2. Scope
This RFC covers:
- Validation workflow and architecture
- Validation levels and modes
- Command-line interface (
telemachus validate) - Error, warning, and exit-code conventions
- Integration with datasets, adapters, and schema registry
It does not redefine the Telemachus schema itself, but defines how compliance to it is verified programmatically.
3. Relationship to Other RFCs
| RFC | Title | Dependency |
|---|---|---|
| RFC-0001 | Telemachus Core 0.2 | Provides base schema for validation |
| RFC-0003 | Dataset Specification 0.2 | Defines dataset manifest to validate |
| RFC-0004 | Extended FieldGroups Schema | Provides optional extended schema targets |
| RFC-0005 | Adapter Architecture | Generates data that must be validated |
| RFC-0011 | Versioning and Governance Policy | Describes lifecycle of validation rules |
4. Validation Architecture Overview
The validation framework is composed of three main layers:
- Schema Layer — JSON Schemas describing structure and types (RFC-0001, RFC-0004).
- Semantic Layer — Domain-specific checks (timestamps, monotonicity, units).
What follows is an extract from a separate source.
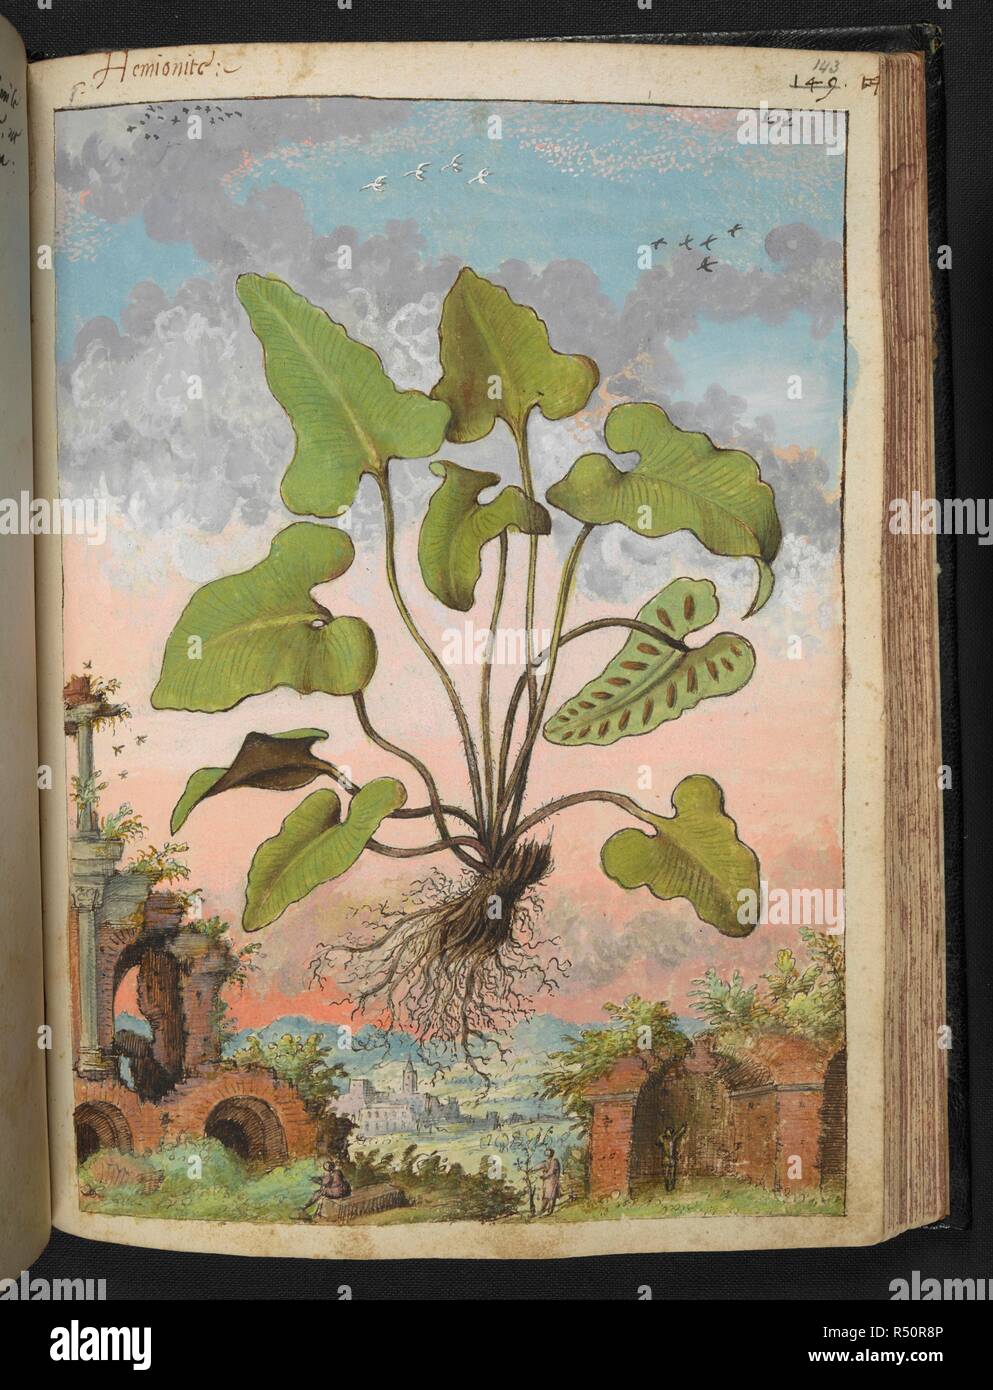 Full page botanical drawing of Phyllitis hemionitis, labelled 'Hemionite' (a type of fern) with ruins in the background, a man tending a tree and a man sitting on a fallen column. Coloured drawings of plants, copied from nature in the Roman States, by Gerardo Cibo. Vol. I. Pietro Andrea Mattioli, Physician, of Siena: Extracts from his edition of Dioscorides' 'de re Medica':. Italy, c. 1564-1584. Source: Add. 22332 f.143. Language: Italian. Author: Cibo, Gheraldo. Stock Photo

- CLI/Automation Layer — User interface and integration within pipelines.
flowchart TD
A[Dataset] --> B[Schema Validator]
B --> C[Semantic Checks]
C --> D[Validation Report]
D --> E[CLI / CI Output]
5. Validation Levels
| Level | Description | Typical Use |
|---|---|---|
| core | Validate only fields from the Core schema (RFC-0001). | Minimal compliance |
| extended | Validate Core + Extended FieldGroups (RFC-0004). | Industrial datasets |
| strict | Enforce temporal, semantic, and numerical tolerances. | Research-grade datasets |
Example:
telemachus validate --dataset path/to/data --level strict
6. Validation Modes
| Mode | Description | Example |
|---|---|---|
--dataset | Validate a dataset directory with manifest and samples. | telemachus validate --dataset ./2025-10-01-v1.0 |
--record | Validate a single JSON or CSV record. | telemachus validate --record input.json |
--schema | Validate schema definitions themselves. | telemachus validate --schema schema/core/record.schema.json |
--adapter | Validate output from a provider adapter (RFC-0005). | telemachus validate --adapter samsara |
7. Command-Line Interface
7.1 Basic Syntax
telemachus validate [OPTIONS]
7.2 Options
| Option | Description |
|---|---|
--dataset PATH | Path to dataset directory |
--record FILE | Validate a single record file |
--schema FILE | Validate a schema file |
--adapter NAME | Validate adapter output |
--level {core,extended,strict} | Validation level |
--all | Validate all available tests |
--json | Output validation report as JSON |
--fail-fast | Stop at first error |
--verbose | Detailed output of warnings and metrics |
8. Validation Report Structure
Validation results are always returned as a standardized JSON object:
{
"dataset": "2025-10-01-v1.0",
"validated_at": "2025-10-13T10:00:00Z",
"level": "strict",
"records_checked": 131186,
"errors": [
{"field": "time", "type": "missing_value", "count": 5},
{"field": "speed.kmh", "type": "unit_violation", "count": 3}
],
"warnings": [
{"field": "heading.deg", "type": "alignment_tolerance_exceeded", "max_delta_ns": 9000000}
],
"status": "passed_with_warnings"
}
This format ensures compatibility with automated pipelines and CI/CD dashboards.
9. Error and Exit Codes
| Code | Meaning |
|---|---|
0 | Validation successful |
1 | Validation failed (errors detected) |
2 | Manifest missing or corrupted |
3 | Schema invalid or unavailable |
4 | CLI or adapter misconfiguration |
Warnings do not cause non-zero exit unless --strict is specified.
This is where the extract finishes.